__TASK INSTRUCTIONS__: Copy all lines below exactly as written. Leave pictures out.

__GIVEN DATA__:
=== Section Start ===

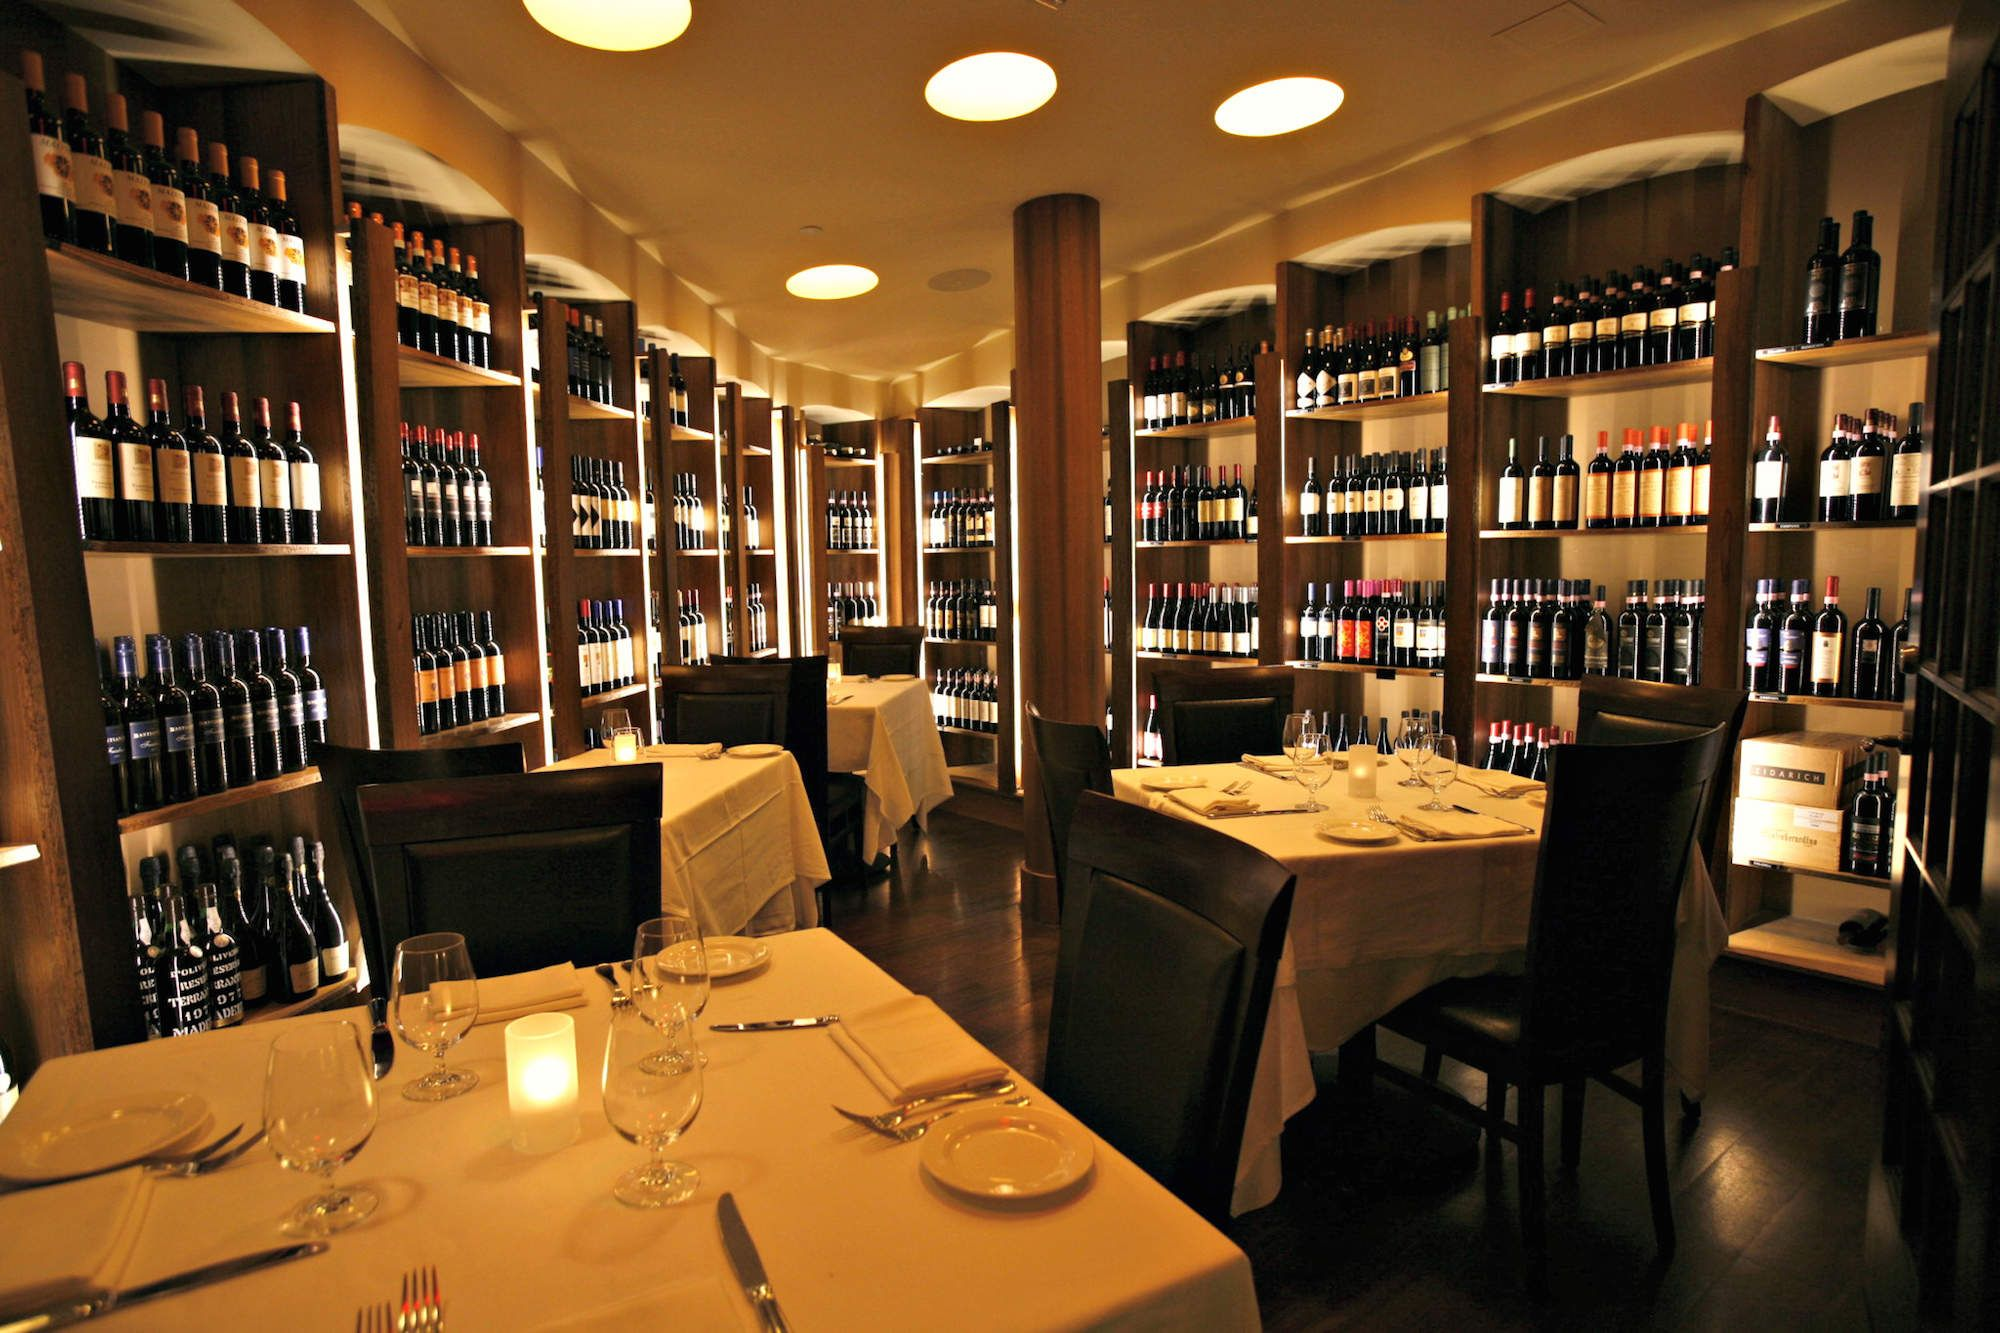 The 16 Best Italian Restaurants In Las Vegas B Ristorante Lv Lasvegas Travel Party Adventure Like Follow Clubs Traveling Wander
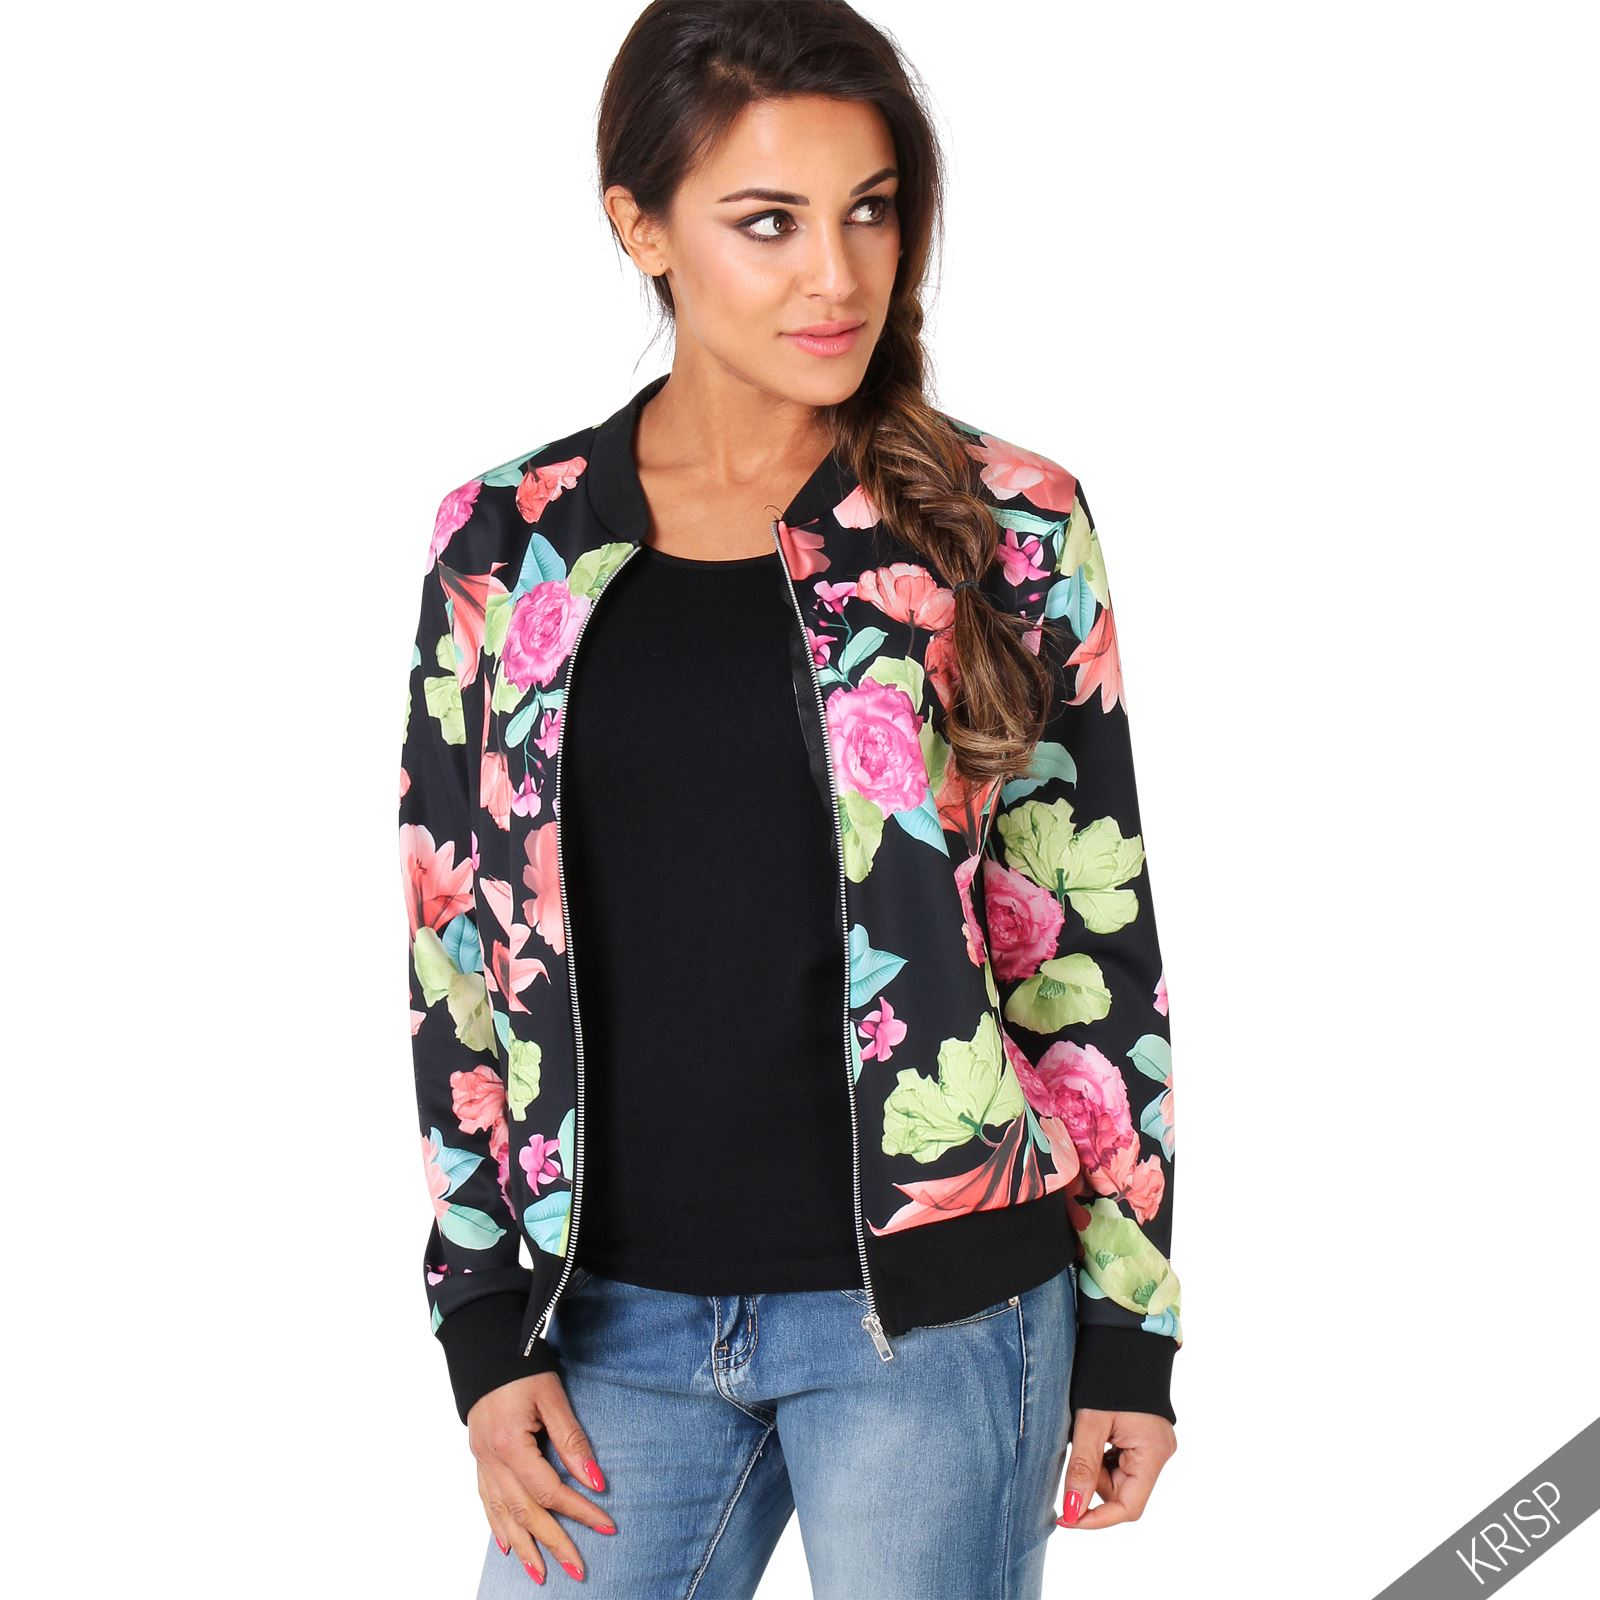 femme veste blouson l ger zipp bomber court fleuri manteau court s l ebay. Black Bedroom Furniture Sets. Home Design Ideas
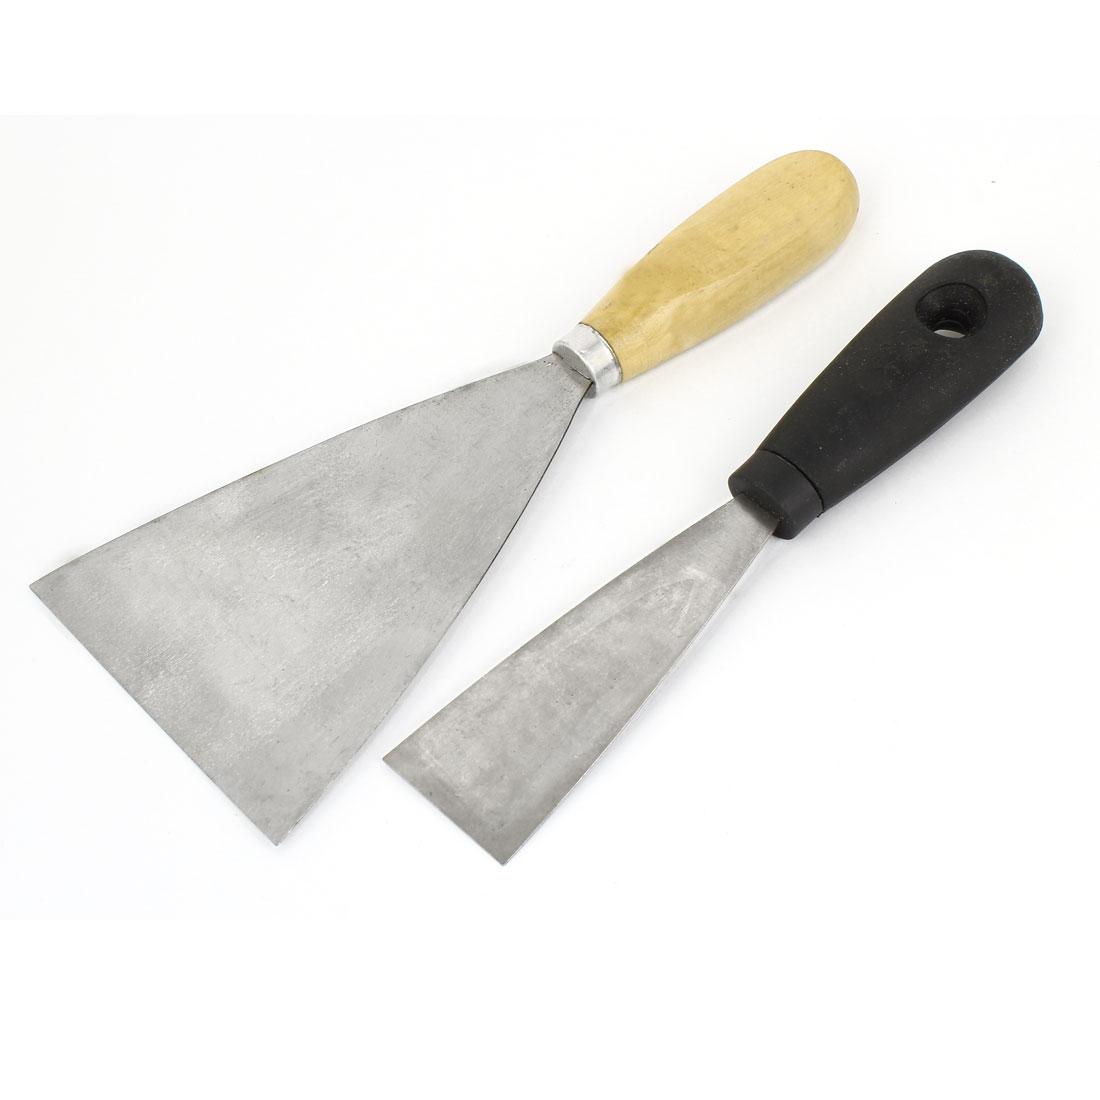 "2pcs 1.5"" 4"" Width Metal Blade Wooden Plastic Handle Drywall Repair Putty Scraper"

=== Section End ===

__RESPONSE AREA__:
 The 16 Best Italian Restaurants In Las Vegas B Ristorante Lv Lasvegas Travel Party Adventure Like Follow Clubs Traveling Wander
 femme veste blouson l ger zipp bomber court fleuri manteau court s l ebay. Black Bedroom Furniture Sets. Home Design Ideas
 "2pcs 1.5"" 4"" Width Metal Blade Wooden Plastic Handle Drywall Repair Putty Scraper"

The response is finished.